Питие на Вологодчине – отдельная трагическая тема. Здесь касаться ее я не буду. Скажу только, что веская суровость мужчин сильно слабела, когда появлялась перспектива выпивки: взгляд и движения оживлялись, улыбка становилась добрее, когда люди предвкушали приятное событие. Как правило, пили втайне от жен или матерей. Выпив, становились разговорчивыми, строили планы… В следующие после события дни охотно вспоминали количество выпитого и забавные случаи с захмелевшими товарищами.

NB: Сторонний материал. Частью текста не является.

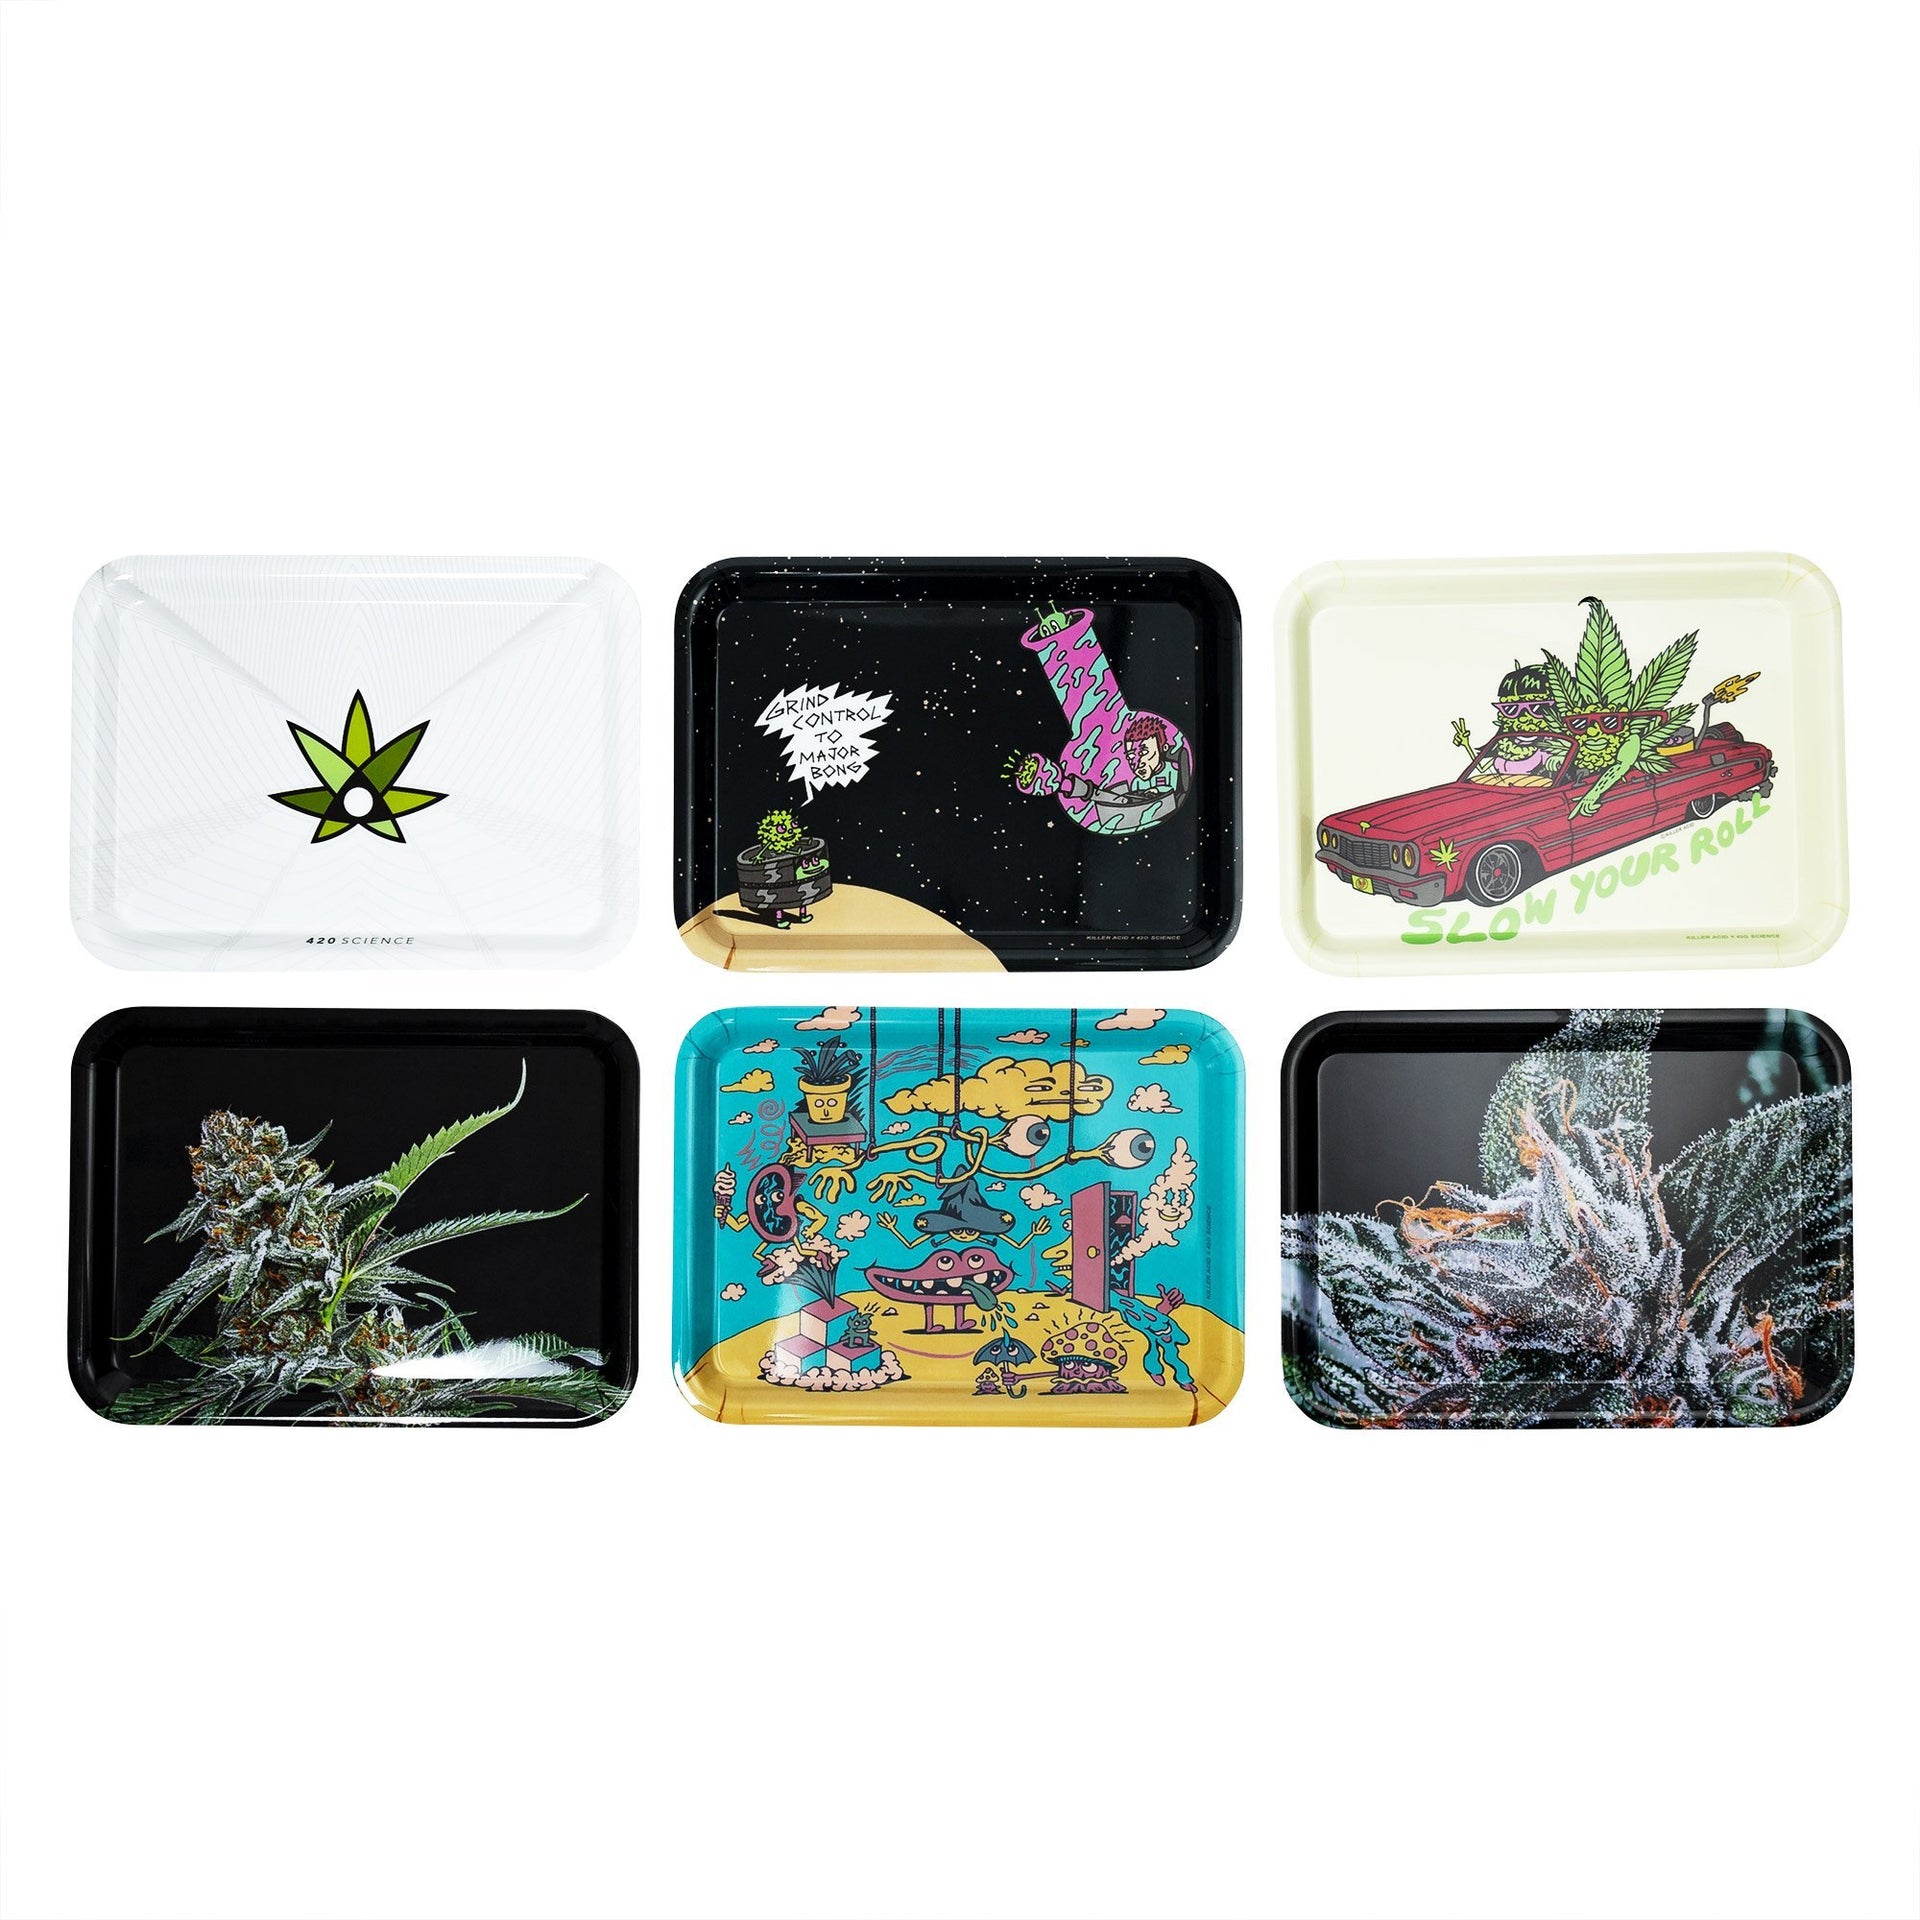 Rolling Tray - High Way 420 - Bad Annies

Спустя несколько лет мы купили здесь избу с участком земли и пасекой в пять ульев. Купили дешево, на сегодняшние деньги примерно за полторы тысячи долларов. В избе стояла громадная русская печь со всеми старинными принадлежностями. Татьяна знала, как с ней управляться. На печи можно было спать, и Егор тотчас устроил на ней лежанку.
Когда понадобились дрова, я зашел к бабушкам, чаевничавшим в одной из изб, и спросил, можно ли взять дрова из поленницы рядом с соседним заколоченным домом, в котором еще недавно был магазин. «Конечно, можно», – участливо ответили бабушки. А через день-другой ко мне подъехал на крепком коне основательный русый пожилой мужчина. Оказалось, что это бригадир местного колхоза Алеша, живший в соседней деревне, – «царь», как он сам себя называл, тех мест. Начальственно, чуть тесня меня грудью коня, Алеша спросил, почему я взял чужие дрова. Я сослался на разрешение бабушек. Бригадир, покровительственно и беззлобно посмеиваясь, сказал, что эти же бабушки и сообщили ему о моем незаконном деянии. Я был обескуражен. Вообще, за многие годы поездок в те края я так и не понял их жителей окончательно. Не хочу сказать, что люди в Ленинграде были лучше, но мне они казались, бесспорно, более понятными, предсказуемыми.
Помню, в одной из деревень я спросил местную бабушку, далеко ли до соседней деревни. Ответ был неопределенным: «А как идти». Я упорно, но безуспешно пытался получить более конкретную информацию. Бабушка, уклоняясь от прямого ответа, так ничего мне и не сообщила. Этот случай мне помнится уже почти сорок лет. Что в моем вопросе было неприятного или опасного? Никого из моих знакомых вологжан не удивил мой рассказ. Но никто из них не мог объяснить мне поведение бабушки. Недавно похожую сцену я вычитал у Тургенева в рассказе «Три встречи». Герой рассказа, молодой помещик, тоже отчаялся получить внятный ответ от встречного крестьянина: «Зная по опыту, что из русского человека, когда он примется отвечать таким образом, нет никакой возможности извлечь что-нибудь толковое… я махнул рукой».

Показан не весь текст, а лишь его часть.